Смолкнув, новоявленный Нерон потянулся к кнопке на столе и позвонил. Грегори напрягся: он считал, что рейхсмаршал в последние десять минут изливал ему чувства, критикуя фюрера, чего себе не мог позволить даже в кругу ближайших друзей, только потому, что знал, что эта тайна умрет вместе с Грегори, когда его поставят перед взводом. Но вместо охранника появился официант, которому Геринг приказал:
— Принесите шампанского.
Англичанин старался не выказать охватившего его чувства облегчения: пусть даже задержка эта только временная, но перспектива выпить пару бокалов доброго вина перед кончиной как-то грела душу. Чтобы поддержать разговор, он поинтересовался:
— Что же, разве генералы не могут убедить фюрера в том, что слишком многие из его решений ведут лишь к поражению?
Герингово огромное брюхо заходило ходуном от смеха.
— Генералы? Мой Бог! Нет, конечно! Он и поначалу-то не слишком много обращал внимания на то, что они ему говорят, а после июльского путча он скорее послушается кухарки, что готовит ему вегетарианские блюда, чем их совета. Он убежден в том, что все они до одного предатели. Он не верит даже своему подхалиму и приспособленцу Кейтелю. Сегодня всеми реальными делами заправляет Борман.

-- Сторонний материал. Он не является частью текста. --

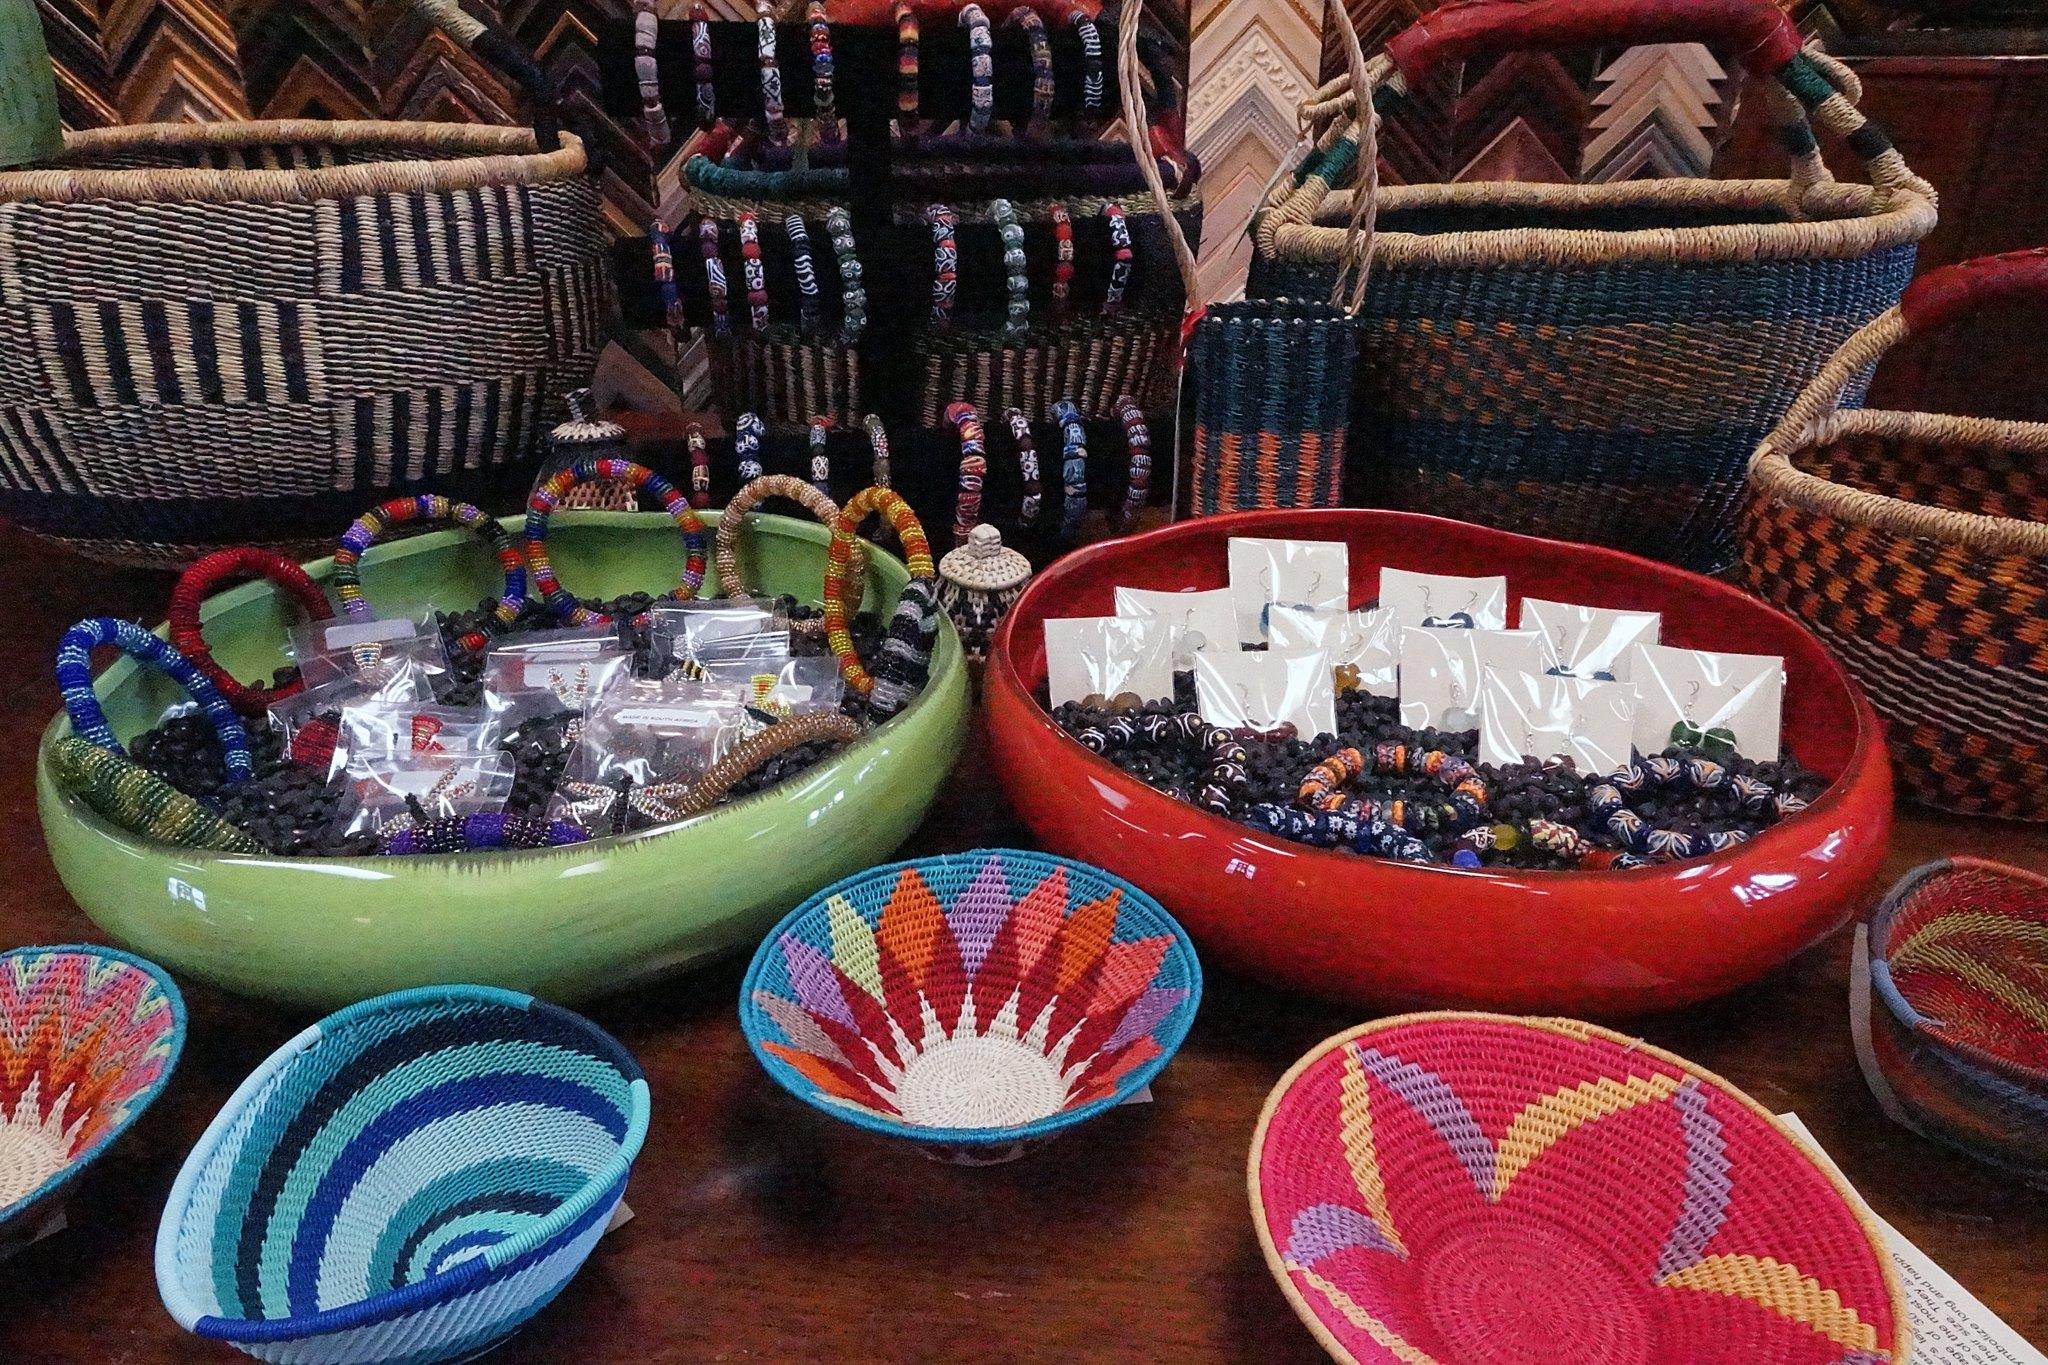 African Fair Trade Goods

Вот уж хитрюга из хитрюг, скажу я вам! А разыгрывает из себя тихоню-секретаря, который лишь исполняет наиболее обременительную для хозяина часть работы, но ему до всего есть дело. Даже я не могу войти к фюреру так запросто, как бывало раньше. Борман обязательно должен присутствовать при нашем разговоре, а потом начнет нашептывать фюреру гадости обо мне. И что самое худшее, как управляющий делами партии, он контролирует всех гауляйтеров, и, подчиняясь ему, они правят на местах, никого, кроме него, не слушаясь. Даже у командующего армией власть распространяется только на пять миль вглубь от линии фронта, где сражаются его части. Бывает даже так, что гауляйтеры экспроприируют целые поезда со съестным в свою пользу, вместо того чтобы переправить их частям, для которых они и предназначались. Но все протесты генералов так и остаются без последствий.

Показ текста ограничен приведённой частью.